### Task material

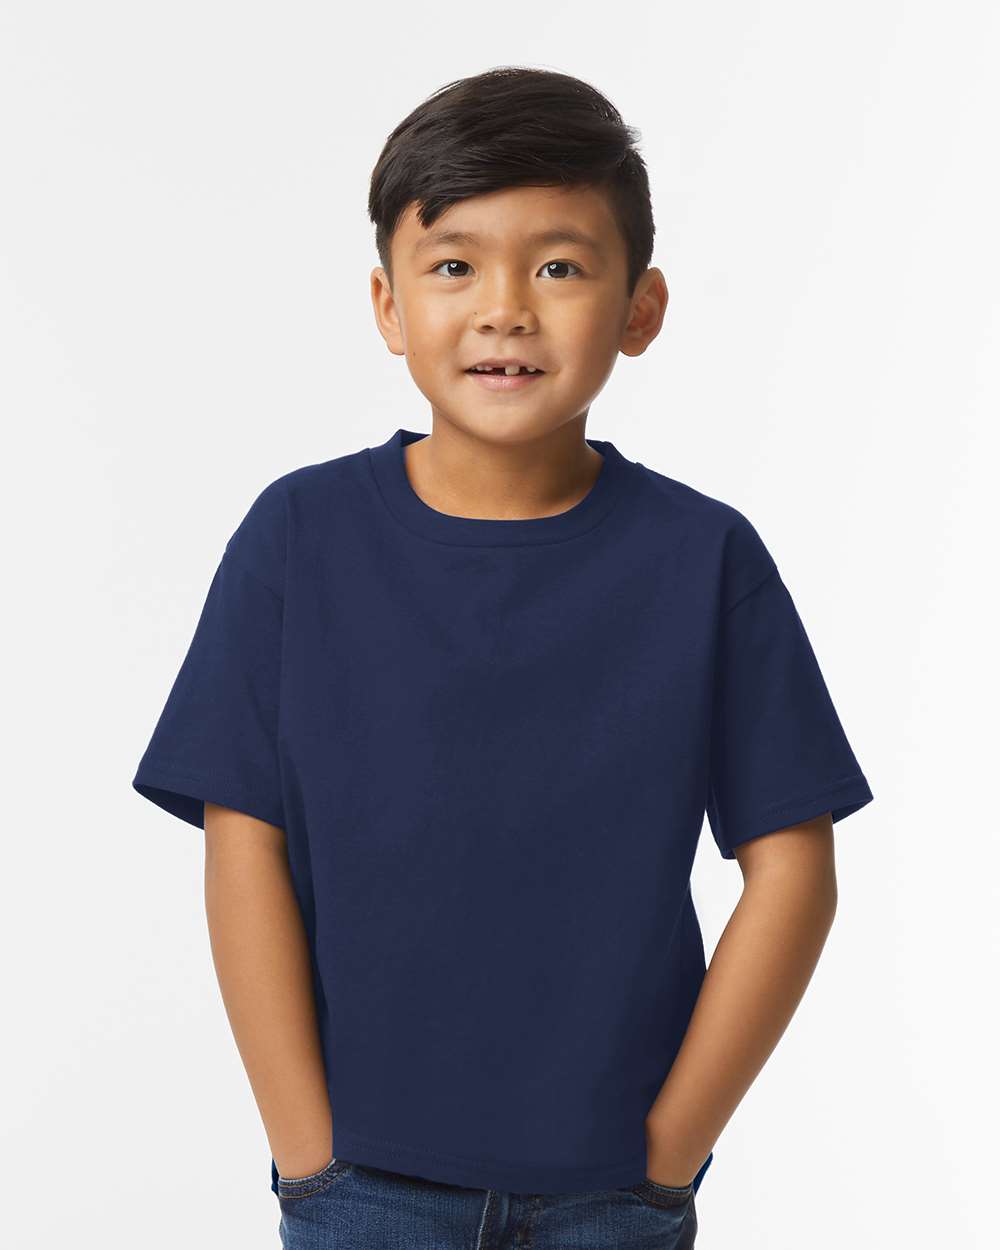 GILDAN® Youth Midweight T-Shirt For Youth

######
### Task material

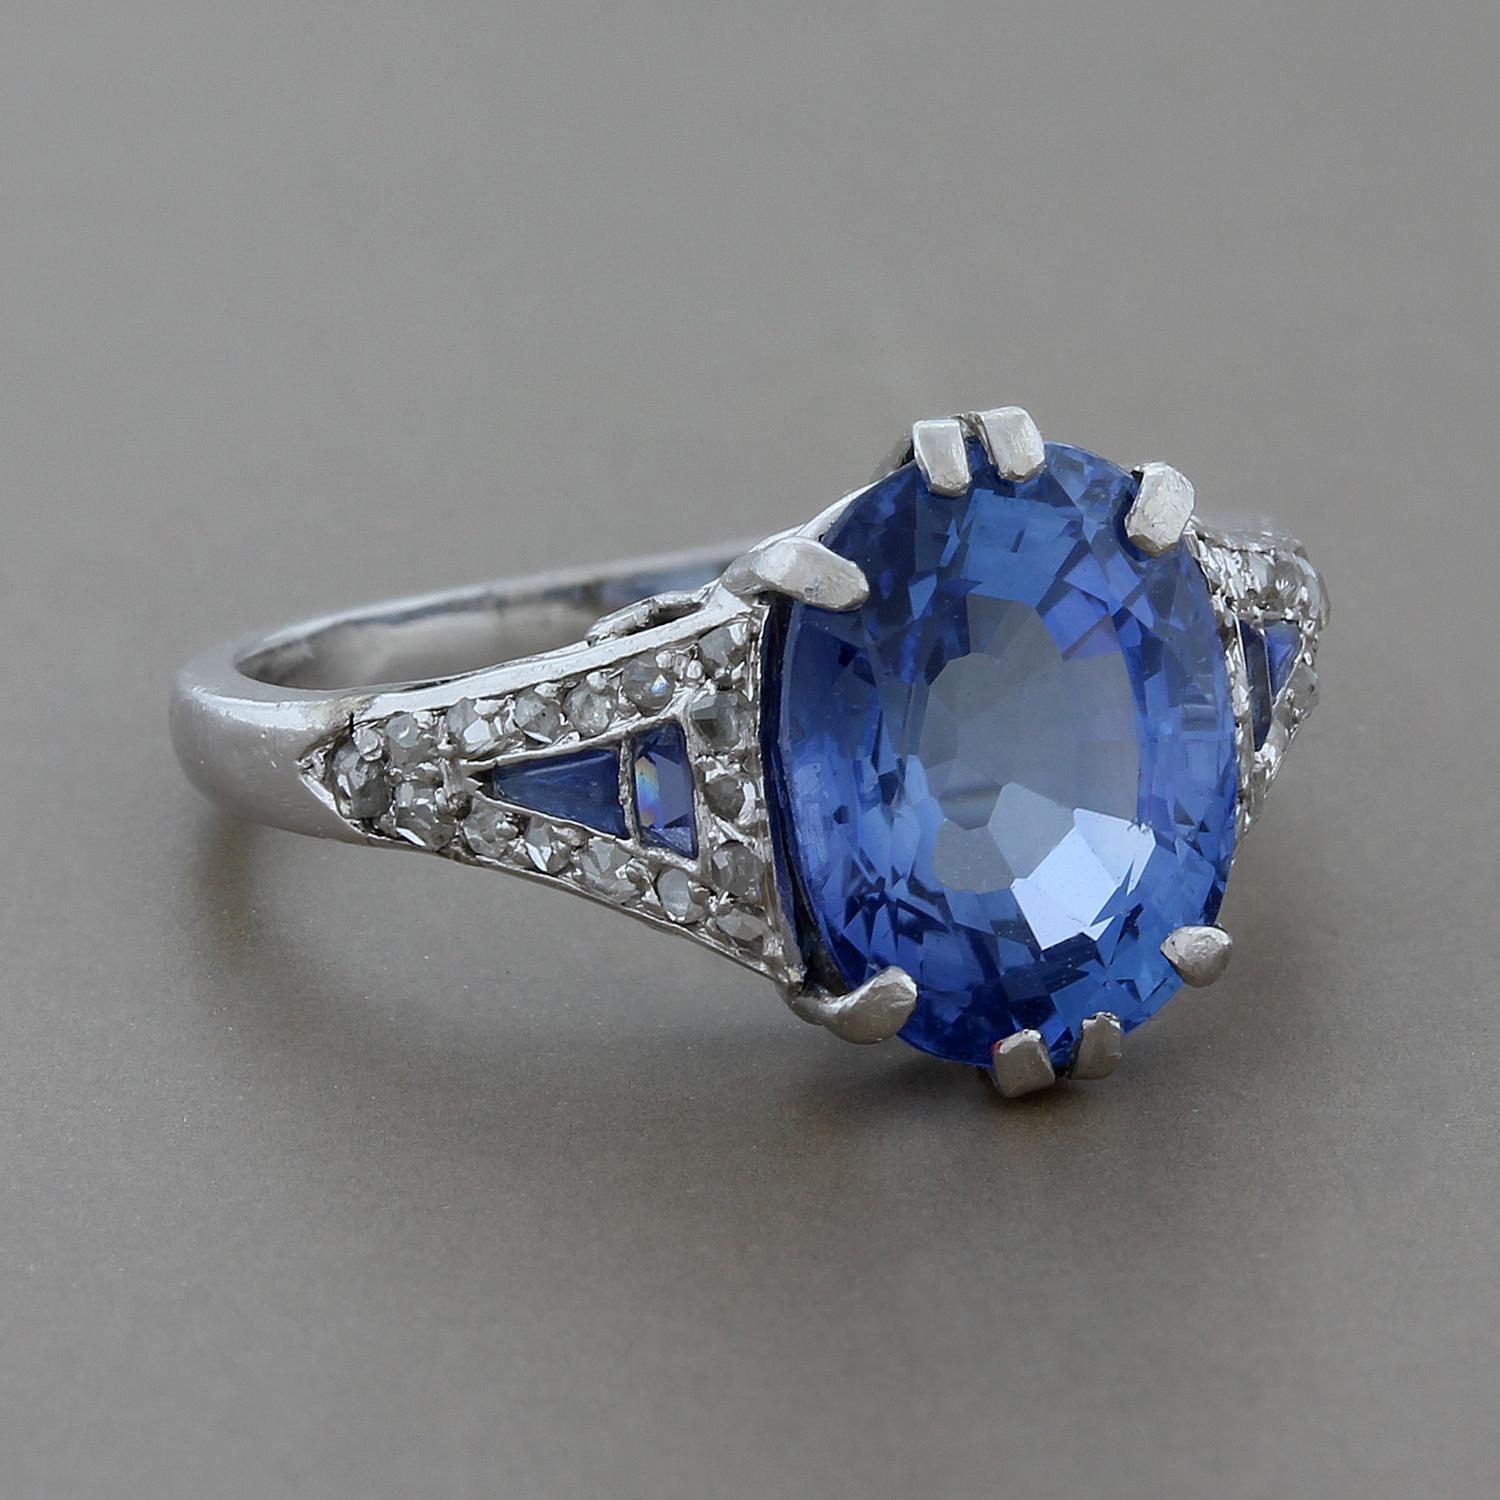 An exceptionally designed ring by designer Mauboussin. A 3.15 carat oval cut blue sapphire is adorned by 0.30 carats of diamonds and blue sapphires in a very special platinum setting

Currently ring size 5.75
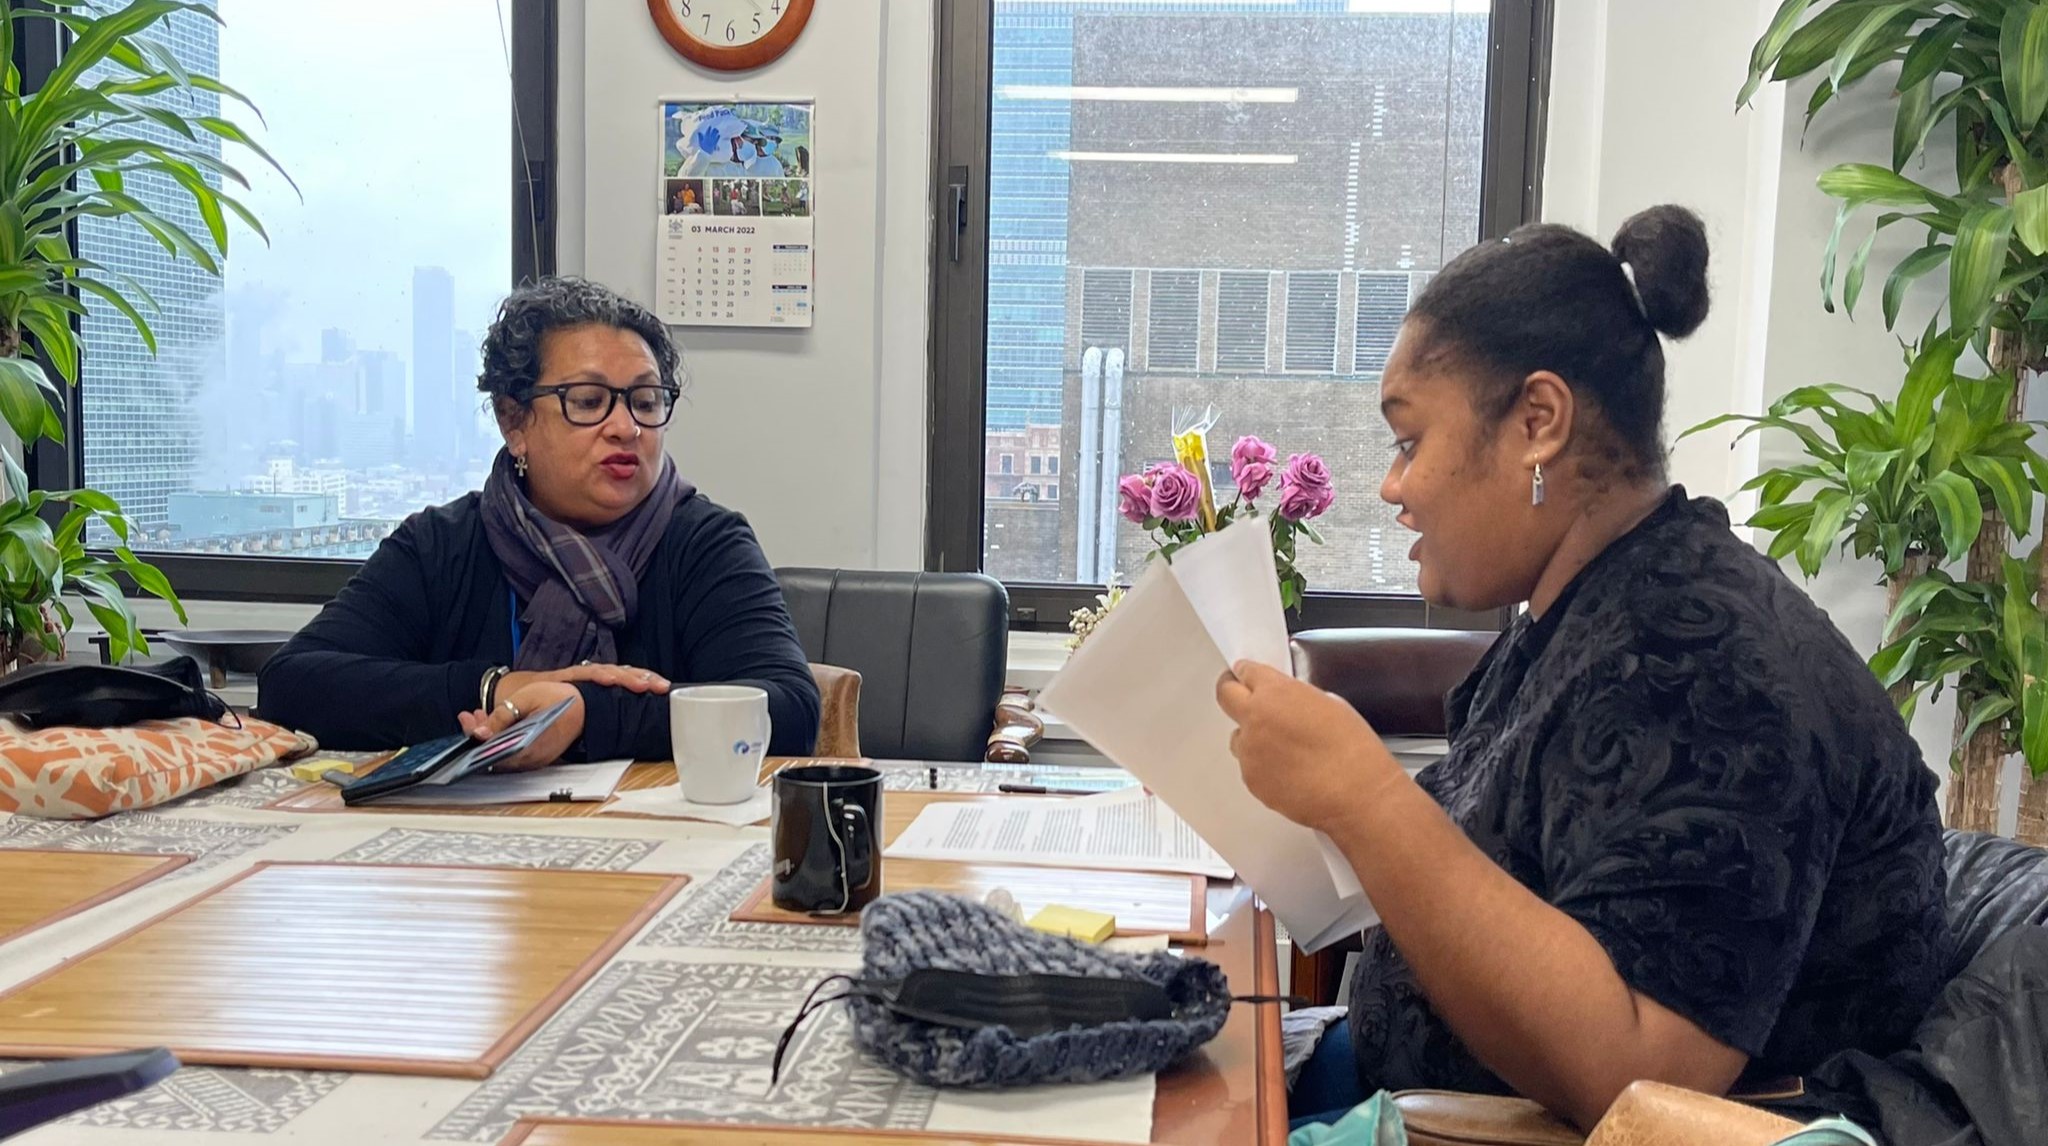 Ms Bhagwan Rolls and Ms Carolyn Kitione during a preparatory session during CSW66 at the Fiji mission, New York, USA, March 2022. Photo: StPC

######
### Task material

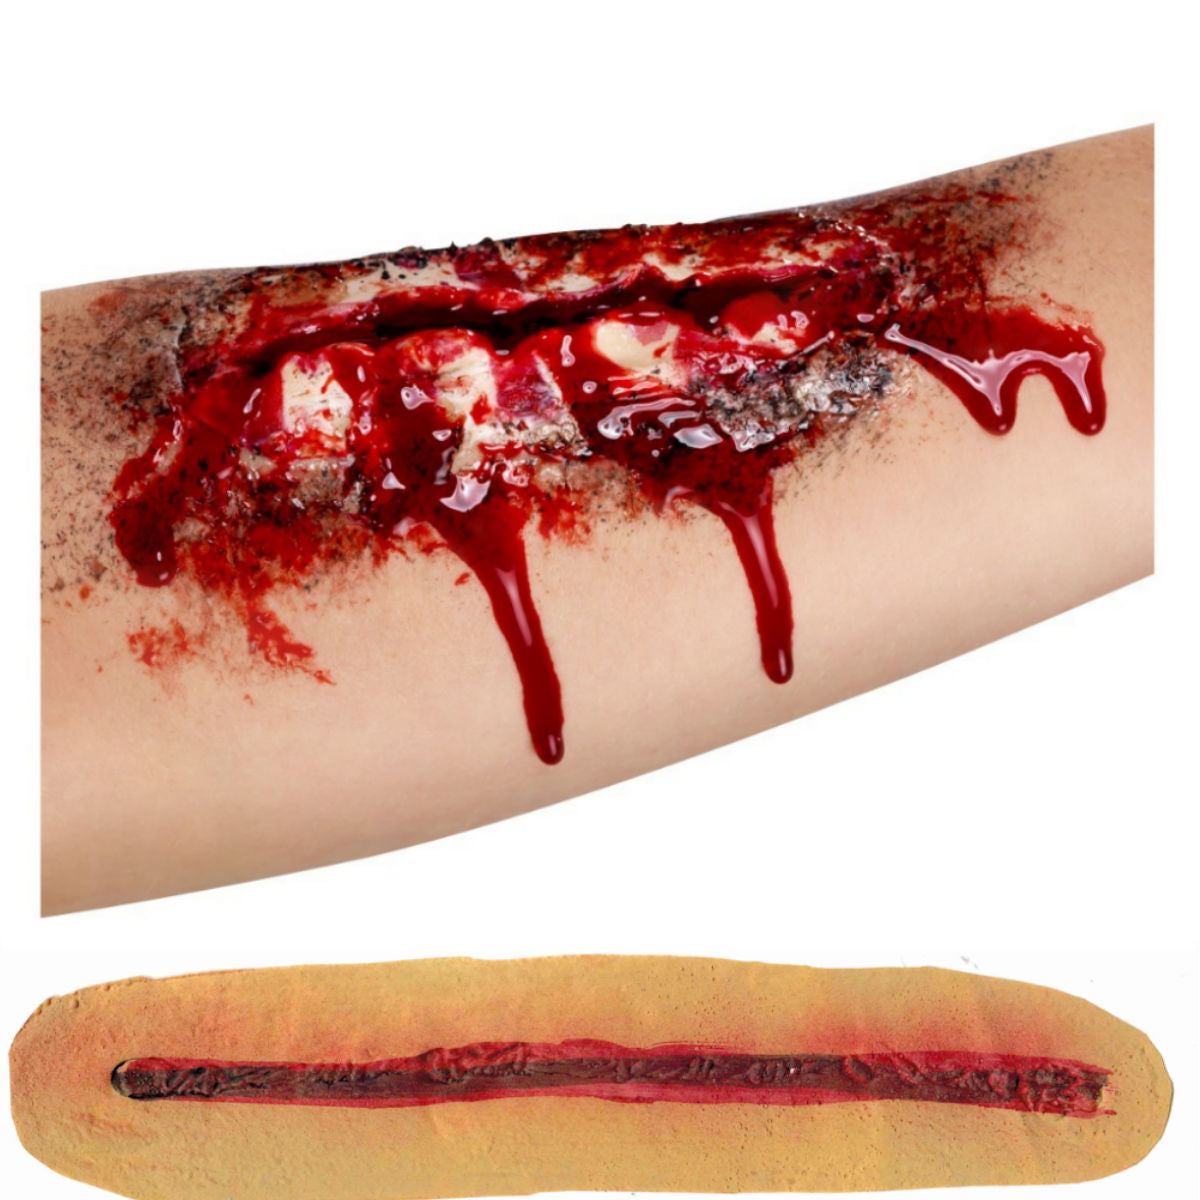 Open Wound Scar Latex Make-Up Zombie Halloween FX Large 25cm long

######

**Task to complete:** Above are some records; quote exactly and only the lines that begin at the line containing "An exceptionally designed" and stop after the line containing "Ms Bhagwan Rolls", leaving out the pictures.

**Task output:**
 An exceptionally designed ring by designer Mauboussin. A 3.15 carat oval cut blue sapphire is adorned by 0.30 carats of diamonds and blue sapphires in a very special platinum setting

Currently ring size 5.75
 Ms Bhagwan Rolls and Ms Carolyn Kitione during a preparatory session during CSW66 at the Fiji mission, New York, USA, March 2022. Photo: StPC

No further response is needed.